S’agissant du rapport entre personnes en âge de travailler et nombre d’habitants, si sa valeur est forte sur l’Ile-de-France (65,5% contre 61,3% ailleurs en France métropolitaine), c’est aussi parce que les retraités quittent la capitale lors du passage à la retraite pour couler des jours heureux ailleurs, notamment sur les littoraux de l’Ouest et du Sud. Là encore, ceci se traduit par un PIB par habitant plus élevé que pour une région qui ne connait pas une telle « fuite » de ses retraités, le PIB par habitant est cette fois, pour partie, le nom des mobilités résidentielles des personnes passant à la retraite.

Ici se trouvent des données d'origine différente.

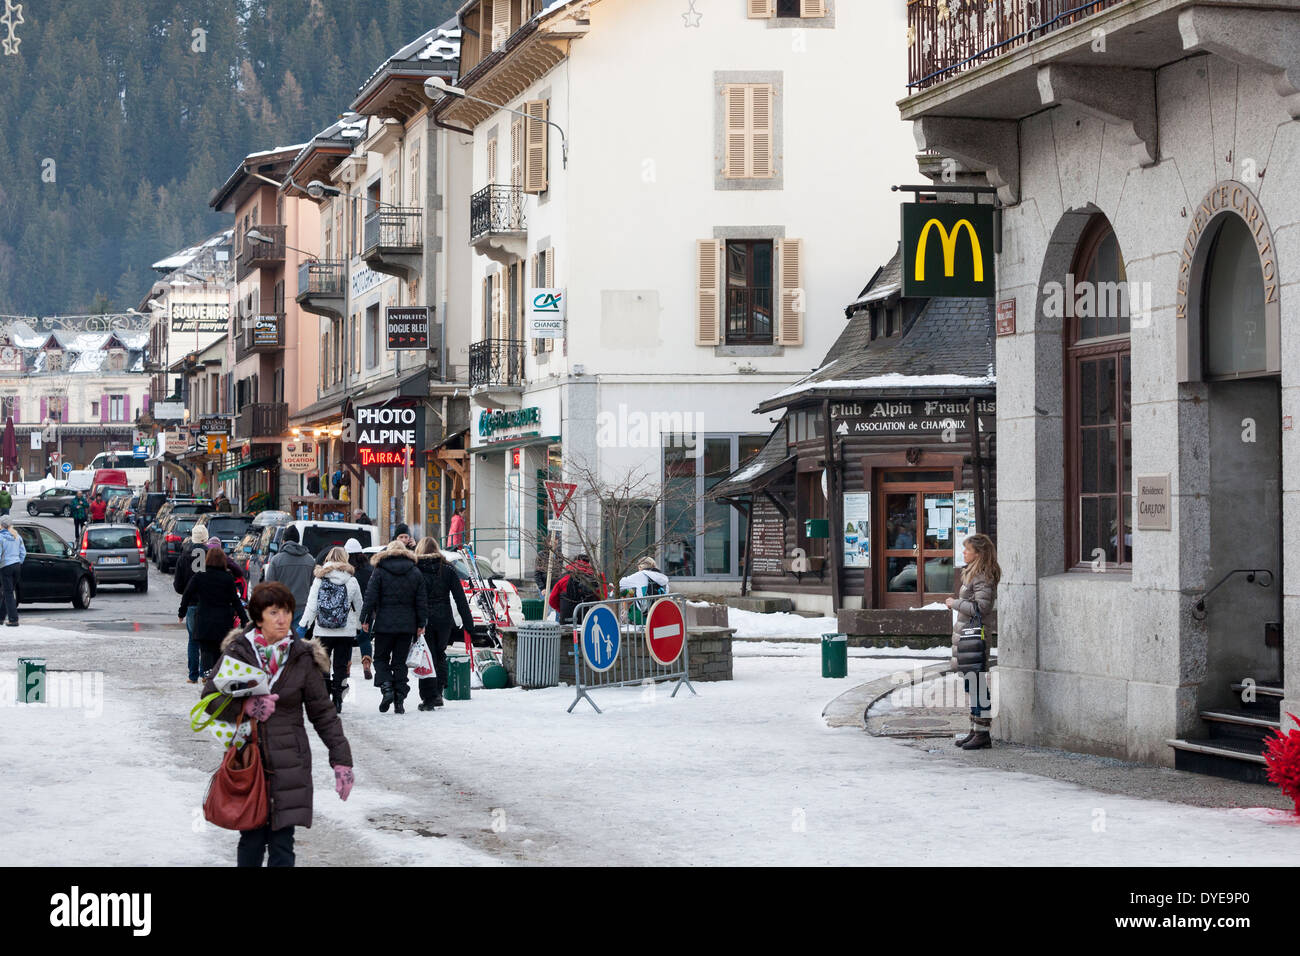 Il McDonalds fast food in franchising nel villaggio di Chamonix Mont Blanc. Foto Stock

Au total, le PIB par habitant de l’Ile-de-France est le nom de processus géographiques complexes, non réductibles à une question de performance économique : il est le nom d’un vaste marché du travail où exercent des personnes qui pour partie résident ailleurs, par choix ou par nécessité ; il est le nom d’une région dans laquelle on ne reste pas pour finir ses vieux jours ; il est le nom de l’éclatement géographique des processus productifs et des spécialisations territoriales associées ; il est le nom de la concentration géographique de l’élite économique, politique, médiatique, …, à très hautes rémunérations ; il est le nom des inégalités de salaires non liées aux différentiels de productivité ; il est le nom de prix à la consommation plus élevés sur Paris qu’ailleurs. Avec comme enjeu évident l’analyse fine de ces processus complexes et interdépendants, et la nécessité d’en tirer des implications en termes d’action. Je ne suis pas sûr que cela soit réellement fait.


[1] Je m’appuie pour cela sur une analyse et une décomposition du PIB par habitant que nous avions proposée avec Michel Grossetti dans un article pour la Revue de l’OFCE, décomposition que l’INSEE reprend en partie.